Choosing the Right Structures

Resources

Video Script

[slide 2]

In this course, we covered a wide variety of different data structures. We started with arrays, and learned how to build stacks and queues using arrays. Then we learned about linked lists, and how they use an entirely different structure to perform many of the same tasks that an array can perform. We also looked at how hash tables can use both structures to create a “best of both worlds” approach, and how the use of arrays combined with a hash function can build very efficient implementations of the classic set data structure.

[slide 3]

In each module, we spent a little time discussing the performance of each data structure and the instances where it might be useful. In this module, our goal is to combine all of that information into a single, useful resource for us to help us decide which data structure we should use in our programs. This topic is a very important topic for computer programmers at all skill levels, and many times it can become one of the most important decisions we make when developing a new program.

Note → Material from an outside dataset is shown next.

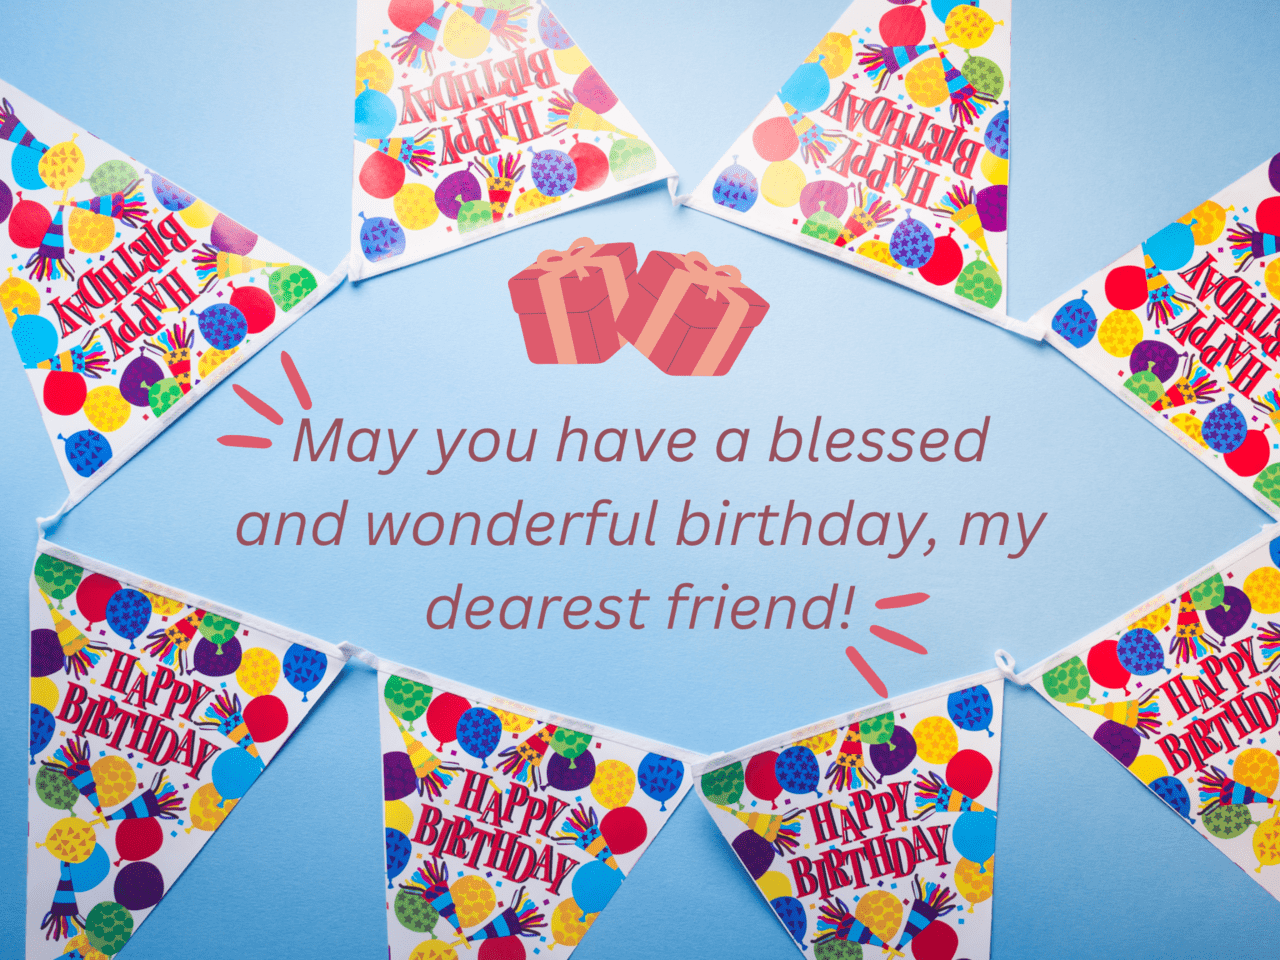 may you have a blessed and wonderful birthday, my dearest friend!

In this video, we’ll look at three important questions we can ask ourselves when determining which data structure we should use in our programs.

[slide 4]

First and foremost, I think it is most important for us to ask the simple question “does it work”? While this may seem obvious, I feel that many times we skip right past this question and start looking at the coolest or most interesting data structure available. For example, we can easily use linked lists to store large amounts of data, but would an array work just as well? Or maybe a hash table? If we know that each element will be unique, should we use a set instead?

These are very basic questions, but they help us understand if there are any data structures that are particularly well suited to our task, or, conversly, if there are structures that simply would not work. By making that determination first, we can limit the number of data structures we must consider when looking at the next question.

[slide 5]

Once we have an idea of which data structures would work well for our program, the next question to ask is “is it understandable?”. This question may also seem obvious, but I think it is a very important part of being a programmer. Just because it is possible for us to use a particular data structure in our program doesn’t mean that it is the best choice.

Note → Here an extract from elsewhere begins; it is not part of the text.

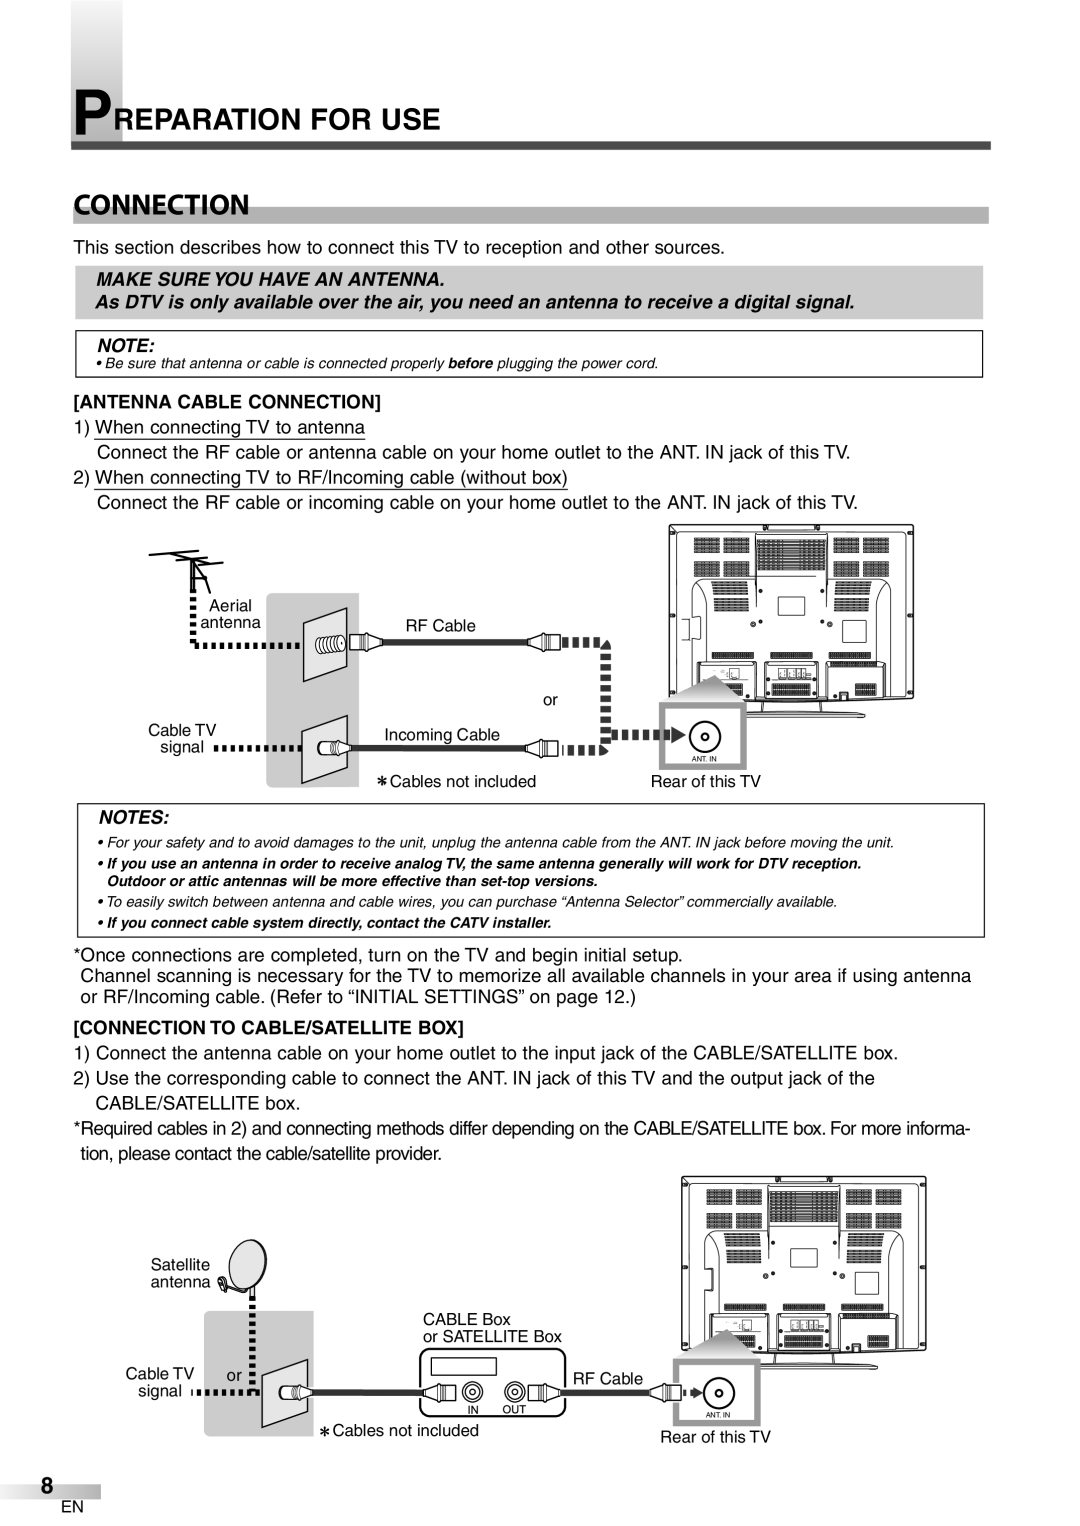 Symphonic WF32L6 owner manual Preparation For Use, Make Sure You Have An Antenna, Antenna Cable Connection

Consider the situation where we want to store names, phone numbers, and grades for students. We could create three arrays, one to store the names, another for phone numbers, and a third for grades. Then, we just know that the elements in each array at a particular index represent the same student. That approach would totally work, right?

Compare that to a similar approach where we create a class to represent a student, and each student object contains a name, phone number, and grade as attributes. Then, we just have a single array storing student objects. Would that approach be a bit easier for another programmer to understand?

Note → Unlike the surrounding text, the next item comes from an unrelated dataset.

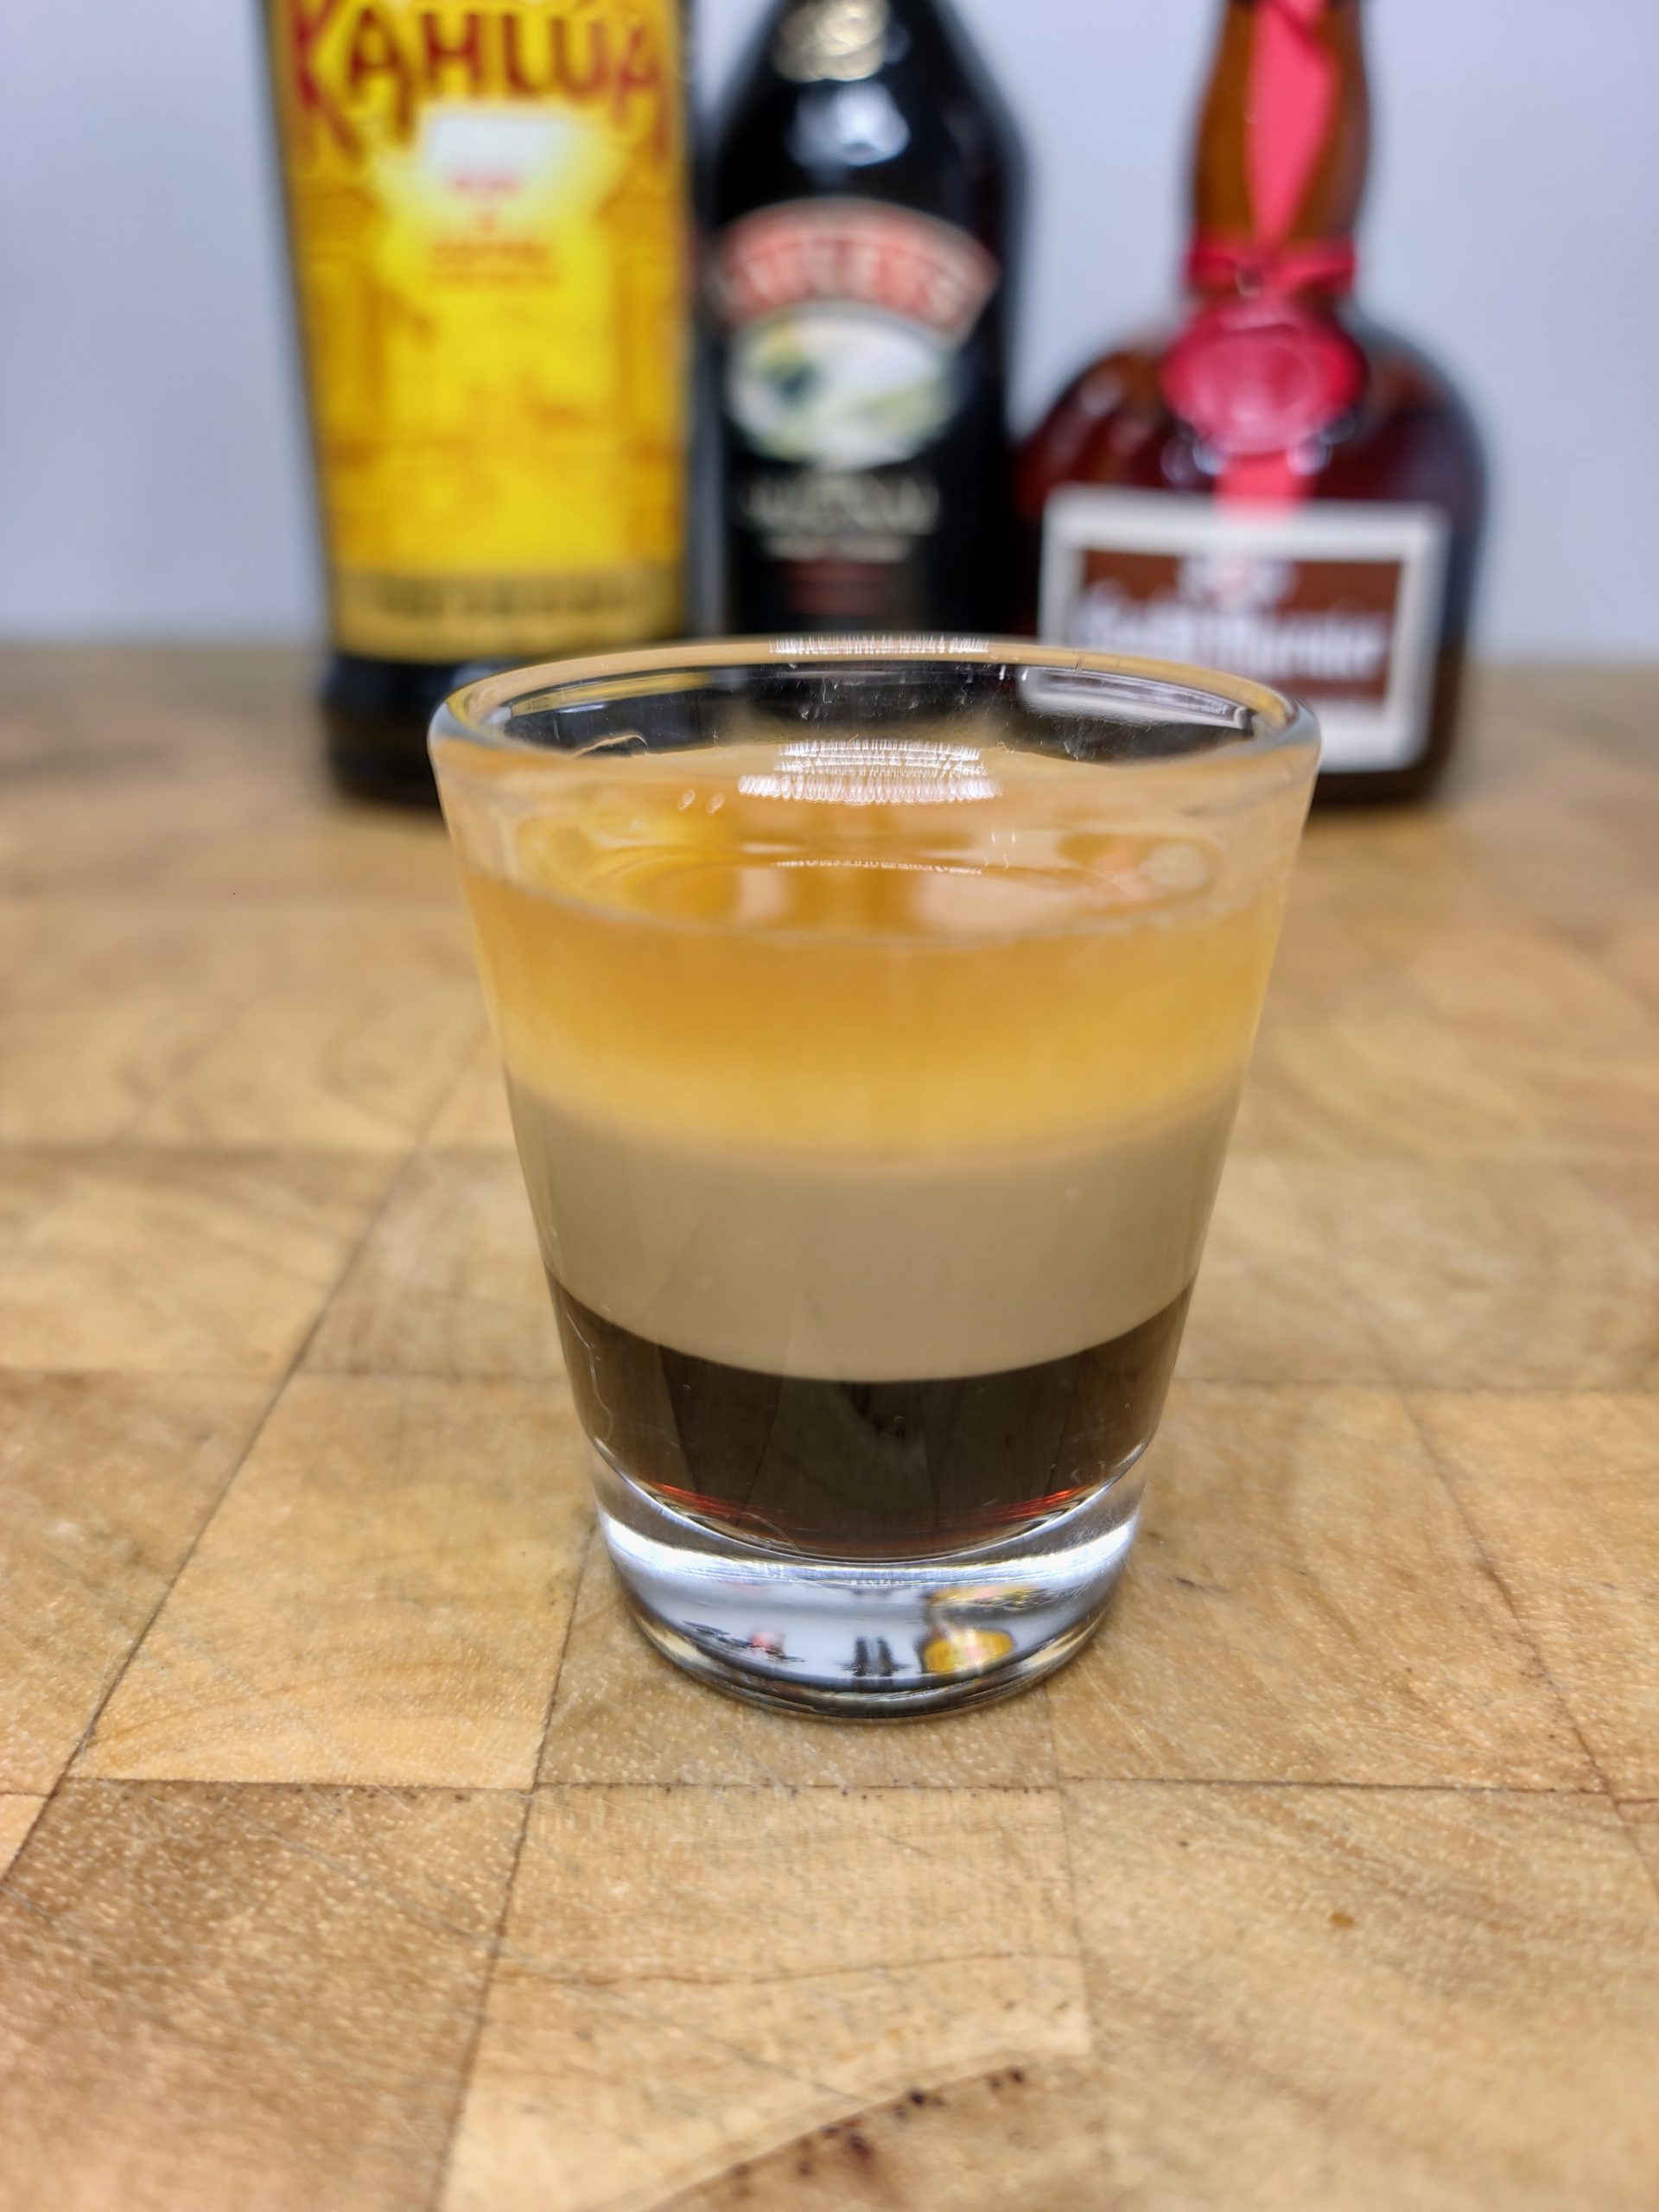 b52 shot with bottles in background

I think that many times we feel that, as programmers, we want to be the most “clever” when we write our code. Unfortunately, the “clever” solution may not be the most understandable, and sometimes it is better to just build our programs the boring, predictable way so that they are easy to understand and update later on.

[slide 6]

Finally, once we’ve selected data structures that will work and are understandable, then we can ask ourselves “is it performant?” Performant is a fancy word that encompasses the idea of speed, efficiency, and minimal memory usage all in a single term. This is the place where we can start looking at the performance characteristics of the data structures we’ve chosen and see which one would perform better.

[slide 7]

Unfortunately, the factors of speed, efficiency, and memory usage can form a “trilemma”, which is a classic type of problem in many different fields. In a trilemma, increasing one attribute can cause a decrease in the other two. A classic quote from the world of business puts it simply: “good, fast, cheap: pick any two”.

In the case of data structures, we can equate the concept of “cheap” with memory useage or simple code, and “good” with the ability of the structure to perform a variety of useful tasks.

[slide 8]

For example, we could think of a hash table as a good and fast data structure. However, what it gains in speed it loses in understanability, since hash tables are quite a bit more complex than most of the other data structures we learned about in this course.

[slide 9]

Likewise, an array might be an example of a fast and cheap data structure. Using arrays can be super fast, and they are built-in to many different programming languages. However, they may not be very good, since arrays really don’t implement the features we’d need for stacks, queues or other data structures directly. Instead, we’d have to build our own structures around the core array structure.

[slide 10]

Finally, a linked list might be a good example of a good and cheap data structure. It has lots of cool features, but it can be slow when we have to search through the structure for a particular item. We can get much better performance from arrays and hash tables in many cases, but linked lists would still work reasonably well.

[slide 11]

Overall, the choice of which data structure to use for a particular problem is very complex, and there are a variety factors to consider. Thankfully, by asking ourselves some simple questions, we can work through the analysis and hopefully find a data structure that works well for us.